Dr. Daniel (Dan) Brooks, a parasitologist at the University of Toronto, says the decline of global biodiversity is linked to the emergence of new human and wildlife diseases such as West Nile Virus and avian flu.
"The biodiversity crisis is not just about extinctions," says Dr. Brooks, whose pioneering parasite systematics research is supported by Science and Engineering Research Canada (NSERC). "In the past, when there have been episodes of major climate change or mass extinction, and species have moved out of their areas of origin into other areas, there have been emerging diseases. Parasites have moved into new areas and they've jumped ship into new hosts."
He will present his latest findings on February 21 as part of a panel discussion on environmental systematics at the 2005 meeting of the American Association for the Advancement of Science in Washington D.C.
Dr. Brooks has spent much of the past decade slogging through the dense jungles of Costa Rica tracking down and collecting parasites. Since 1996, he has coordinated the parasite Taxonomic Working Group for the All-Taxa Biodiversity Inventory (ATBI), an international scientific and economic initiative to help developing countries preserve the world's biodiversity.
In the Guanacaste Conservation Area of northwest Costa Rica, a 1,000 square km (400 square mile) United Nations World Heritage Site that features habitats ranging from rain forests to savannas, the ATBI is documenting an estimated 250,000 species of plants and animals, including everything from viruses to jaguars.

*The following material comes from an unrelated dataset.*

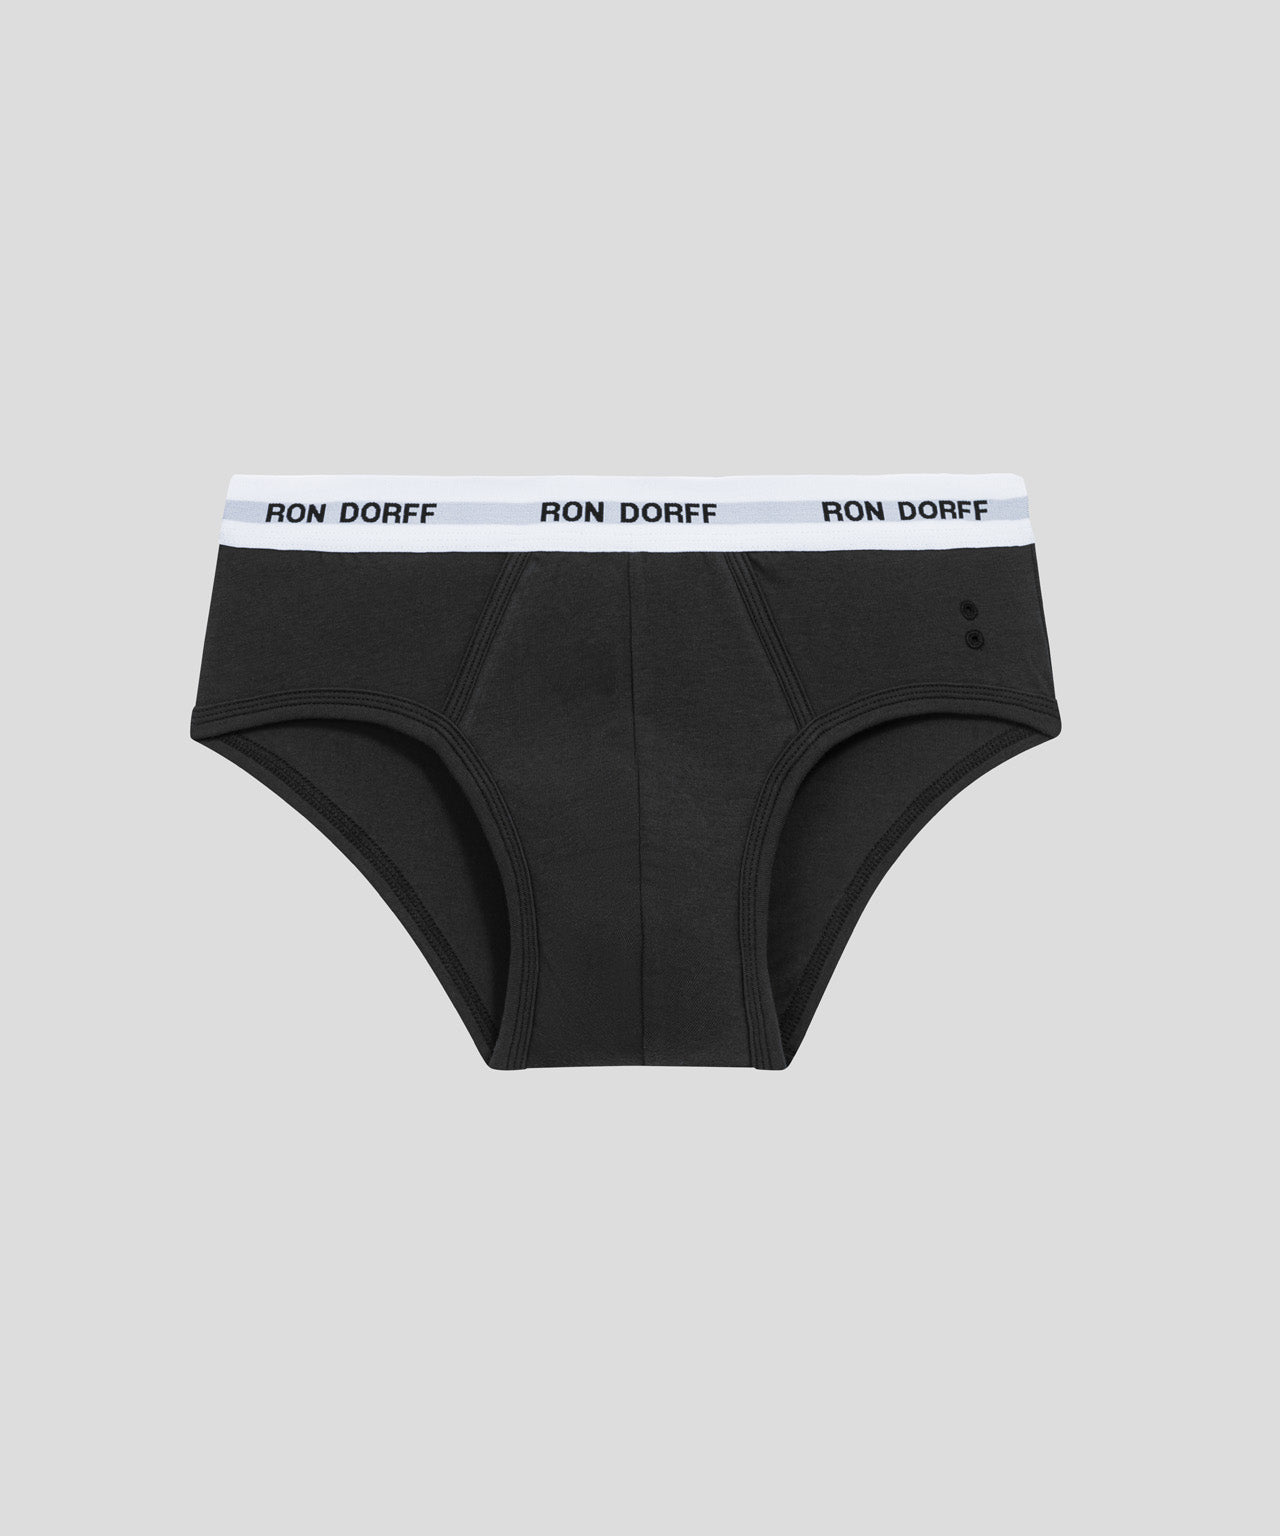 RON DORFF - The iconic no frills, no logo Y-front briefs. #RonDorff  #Menswear #Underwear #Briefs #YfrontBriefs #ElliottReeder @elliottreeder  @justin_fonteneau

For his part, Dr. Brooks has looked for parasites in more than 4,000 individuals from species ranging from frogs to deer . So far, he has found more than 5,000 different types of these often microscopic hangers-on and created one of the world's most comprehensive inventories of parasites. And, notably, more than two-thirds of these parasites are new to science.
But Dr. Brooks argues that the real work has only just begun. The researchers still have a very poor to non-existent understanding of the roles these thousands of parasites play in different diseases, something that will require a detailed understanding of their often complex multi-host life cycles.
"It's very difficult to link these things up," he says. "It's very time consuming to do that, but without that information we don't know how these parasites are transmitted."
And without basic systematics and taxonomic information about parasites, Dr. Brooks points out that we lack the ability to predict and thus prevent emerging parasitic diseases.
"Right now, we're just reacting out of ignorance whenever an unfamiliar disease catches us off guard and we call that management," says Dr. Brooks. "We're always behind the curve, because we don't know where these things are coming from."
In fact, while parasites like malaria are well known, we may have identified only a fraction of the total number of the world's parasites, and the prospect of cataloguing them poses a daunting technical challenge. Since the physical characteristics of many parasites are very similar, Dr. Brooks and his colleagues are using the latest molecular taxonomy tools to classify parasites based on genetic characteristics.
"These things are evolutionary accidents waiting to happen," he warns. "This is not something brand new ?it's something old. But in this case it's something that human beings are stimulating. These little evolutionary land mines are going to jump up and bite us."